Based on the means of the estimated Vd and CL values, the free concentration of ampicillin in the plasma was predicted using the MULTI program,12) where the fraction of plasma protein binding was assumed to be 20%13) simulated using the pharmacokinetic parameters obtained after ampicillin (1 g)–sulbactam (0.5 g) administration via the initial intravenous infusion (0.25 h) and subsequent CPB priming (30 s). In the assessment of the drug concentrations, a value of 2 µg/mL was employed as a threshold (pharmacodynamic target) for the free concentration of ampicillin in the plasma, because the minimum inhibitory concentration of ampicillin–sulbactam for 90% of clinical isolates (MIC90) of methicillin-sensitive Staphylococcus aureus (MSSA) was estimated to be 2 µg/mL in 201014) in Japan.

RESULTS

The patients included six males and two females, with a mean age of 61.9±12.4 years (mean±standard deviation (S.D.)), body weight (BW) of 56.4±9.5 kg, blood urea nitrogen level of 19.2±3.5 mg/dL, serum creatinine level of 1.1±0.4 mg/dL and creatinine clearance (CLcr) of 65.6±25.7 mL/min.
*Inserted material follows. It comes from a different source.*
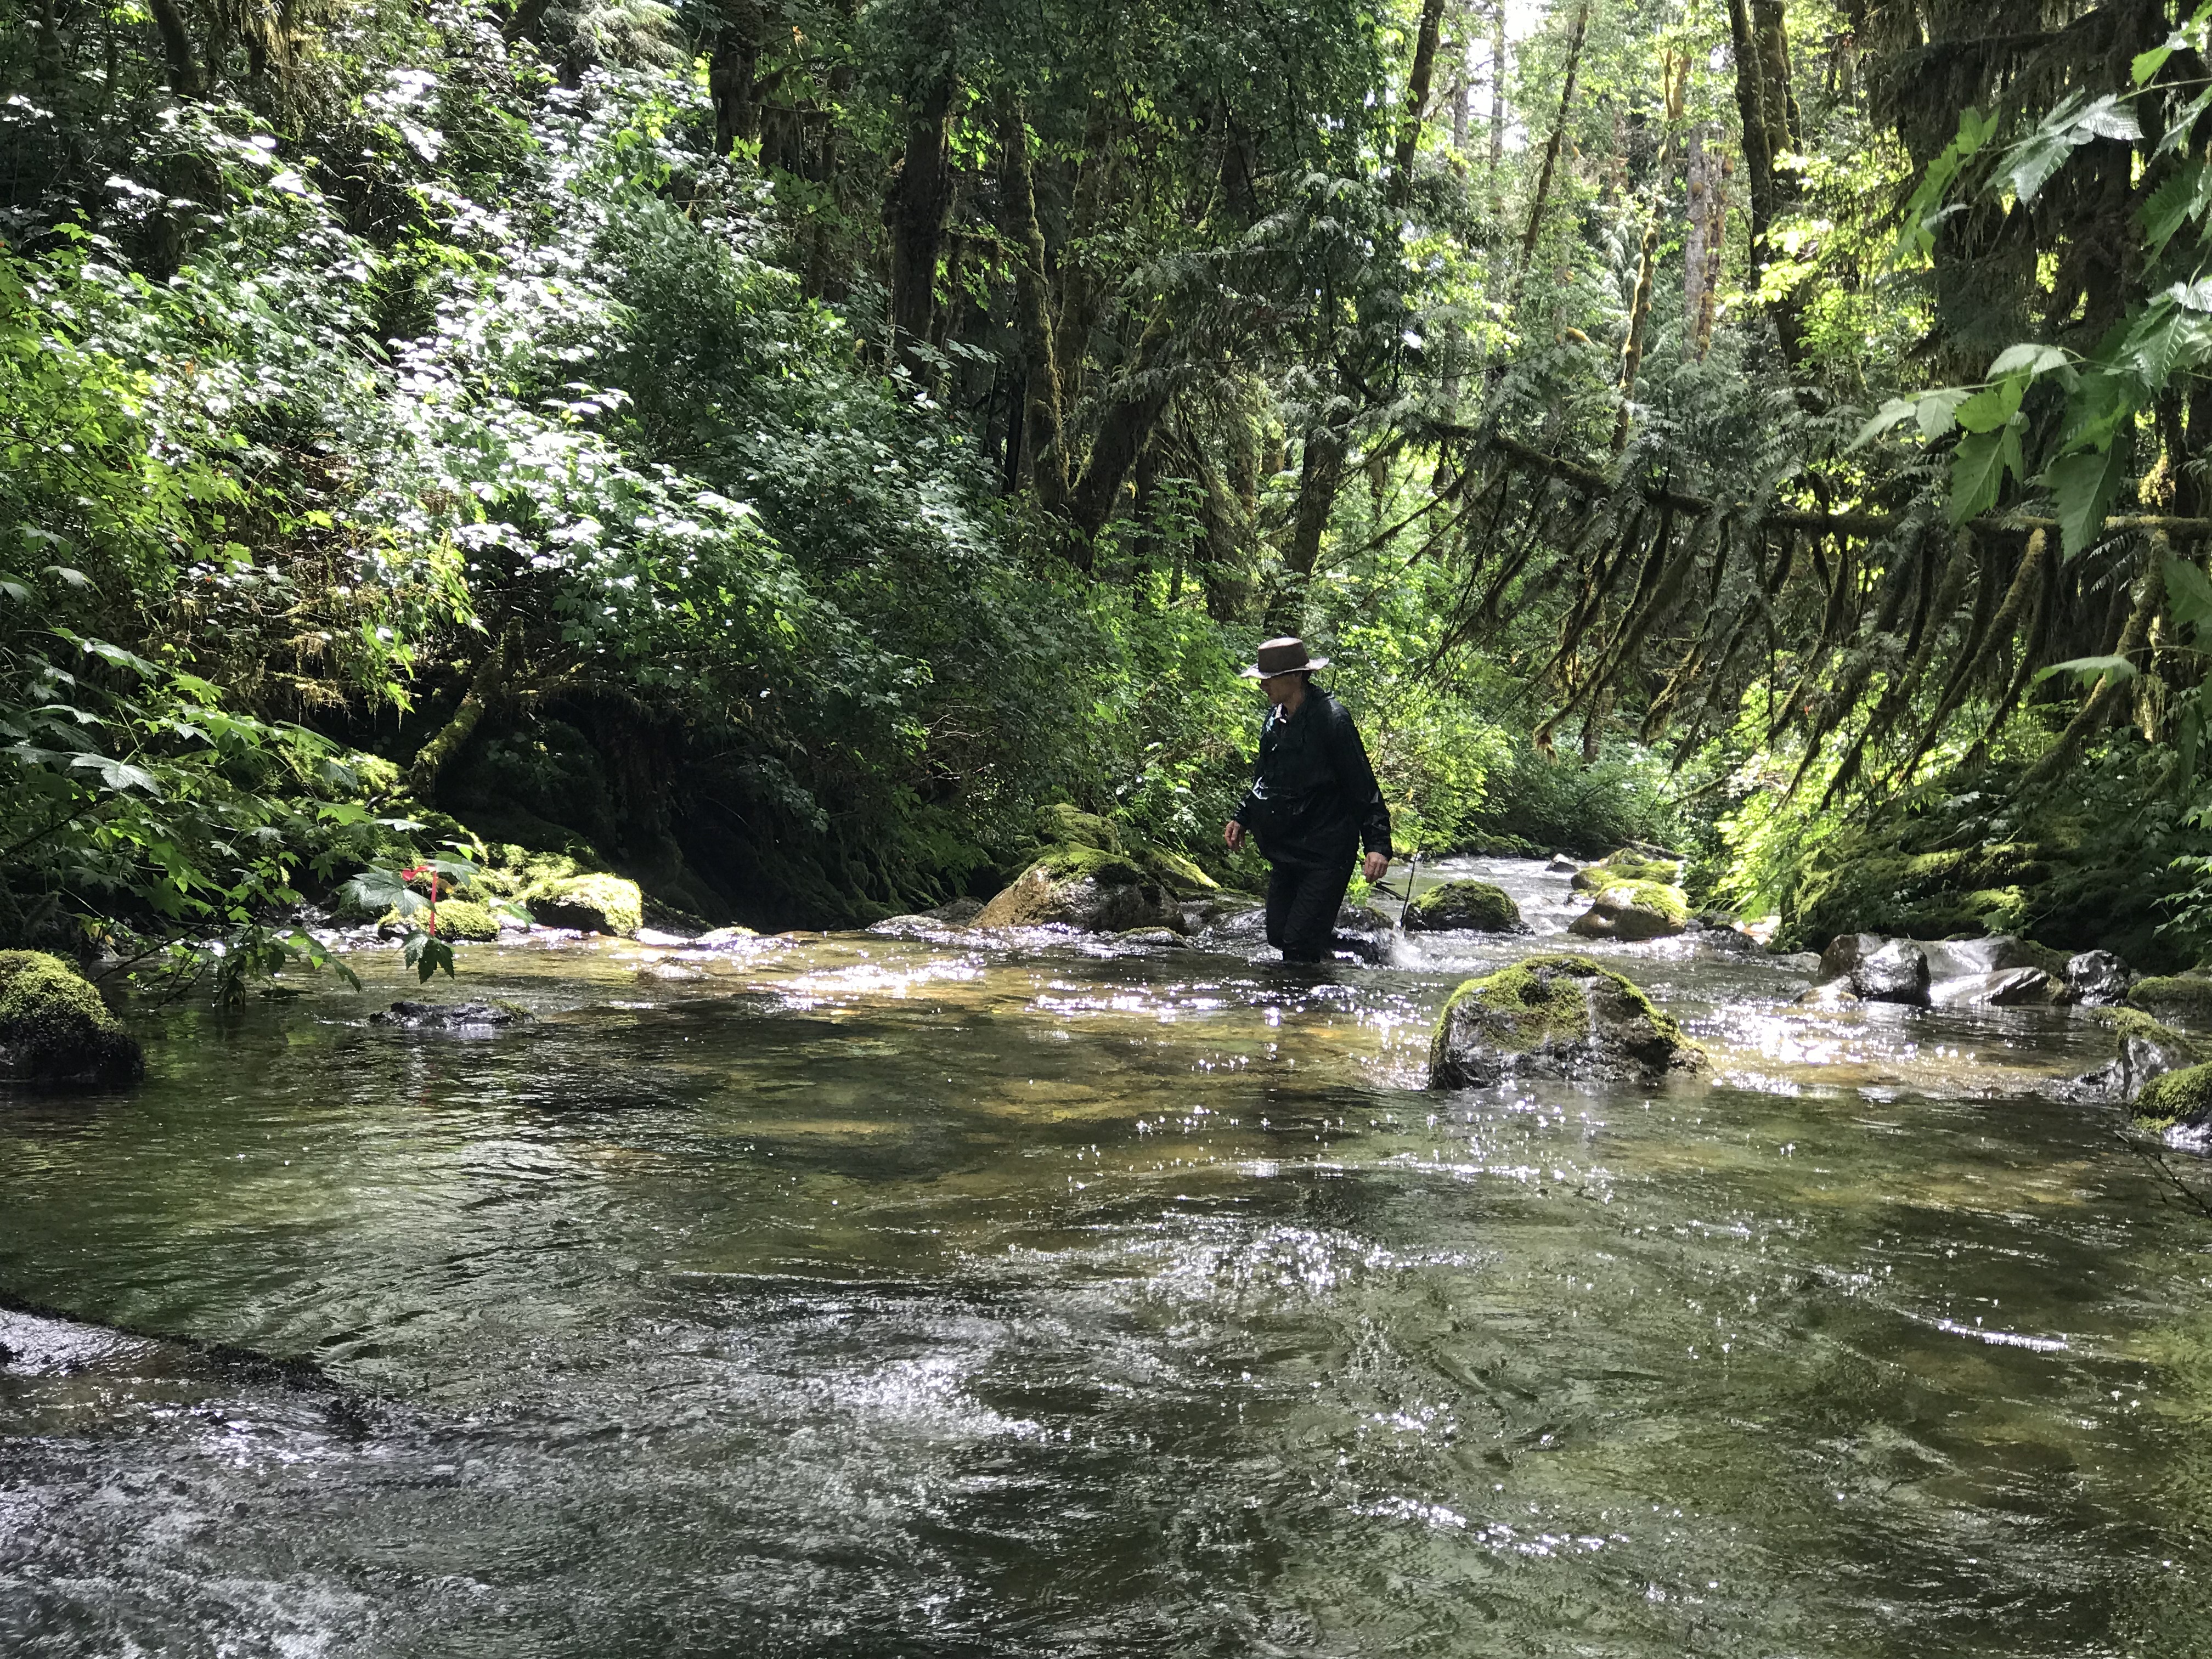 Above: Skagit Land Trust volunteer Pete Haas conducts salmon spawning surveys along White Creek at the White Creek Conservation Area in June of 2018. Photograph credit: Skagit Land Trust staff.

Diseases requiring cardiovascular surgery were as follows: valvular heart disease (n=6), coronary atherosclerosis (n=3), thoracic aortic aneurysm (n=1) and aortic root dilatation (n=1).
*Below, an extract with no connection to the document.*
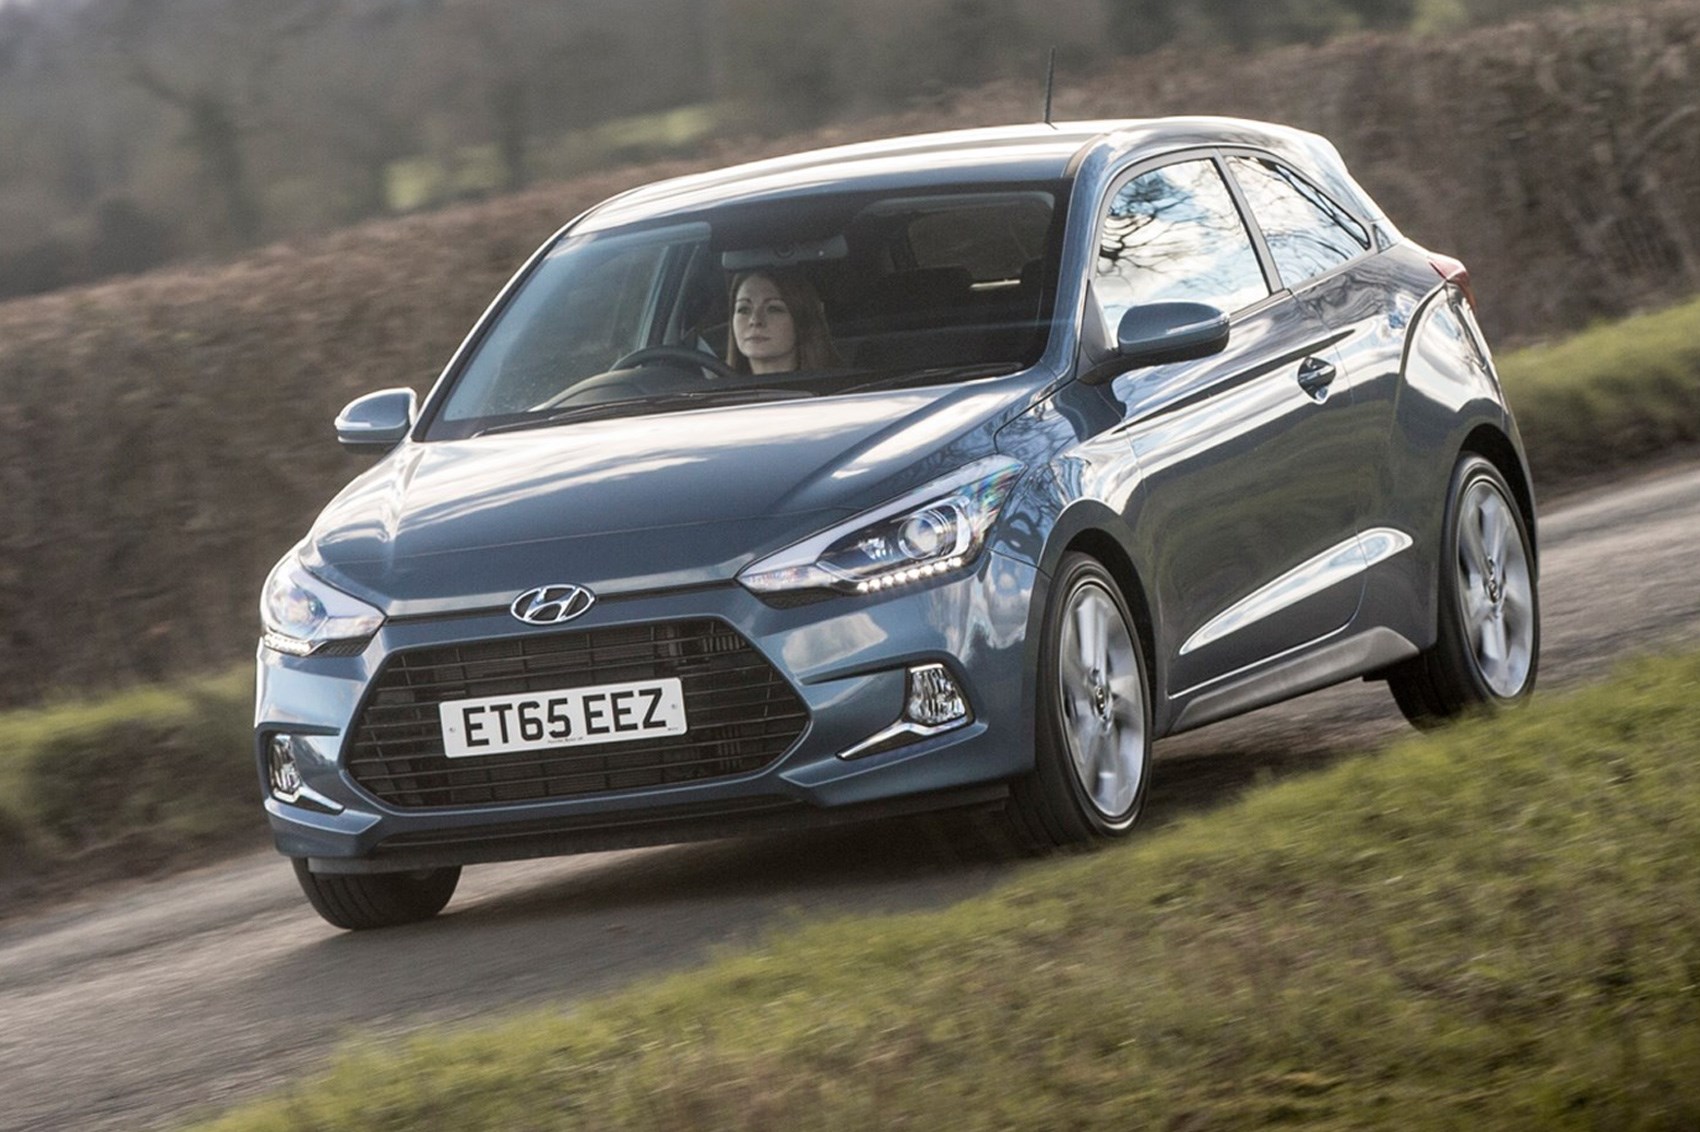 09 The Most Reliable Cars Revealed-Hyundai i20

Figure 1 shows the observed and simulated ampicillin concentrations in eight patients. The estimated values of Vd and CL were as follows: 11.3 L and 5.76 L/h in patient A (CLcr=96.7 mL/min, BW=48 kg); 10.7 L and 4.01 L/h in patient B (CLcr=48.3 mL/min, BW=48 kg); 11.8 L and 9.72 L/h in patient C (CLcr=73.4 mL/min, BW=65 kg); 15.3 L and 7.53 L/h in patient D (CLcr=33.6 mL/min, BW=46 kg); 17.5 L and 13.07 L/h in patient E (CLcr=28.2 mL/min, BW=65 kg); 20.73 L and 6.58 L/h in patient F (CLcr=76.8 mL/min, BW=70 kg); 19.6 L and 7.72 L/h in patient J (CLcr=77.4 mL/min, BW=50 kg); and 19.4 L and 7.36 L/h in patient H (CLcr=90.2 mL/min, BW=59 kg). No correlation was observed between the values for CL (4.01–13.07 L/h) and CLcr (28.2–96.7 mL/min), although ampicillin is a renally excreted drug.10) The mean elimination rate constant (ke) and elimination half-life (t1/2) of ampicillin were 0.505±0.186 h−1 and 1.52±0.47 h, respectively (Table 1).
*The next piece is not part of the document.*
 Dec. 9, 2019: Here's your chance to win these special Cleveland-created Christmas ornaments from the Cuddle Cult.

Fig. 1. (a)–(h) Observed Total Plasma Concentrations (〇) and Simulation Curves Obtained Using the Pharmacokinetic Parameters (Table 1) in Eight Patients after Ampicillin (ABPC, 1 g)–Sulbactam (SBT, 0.5 g) Administration via Initial Intravenous (i.v.) Infusion (0.001–0.85 h) and Subsequent Cardiopulmonary Bypass Priming (30 s)

CLcr, creatinine clearance; BW, body weight.

Table 1. Pharmacokinetic Parameters of Ampicillin (n=8)
Mean±S.D. (range)
Vd (L)15.8±4.1 (10.7–20.7)
CL (L/h)7.72±2.72 (4.01–13.107)
ke (h−1)0.505±0.186 (0.317–0.826)
t1/2 (h)1.52±0.47 (0.84–2.18)

Vd, volume of distribution; CL, total clearance; ke, elimination rate constant; t1/2, elimination half-life.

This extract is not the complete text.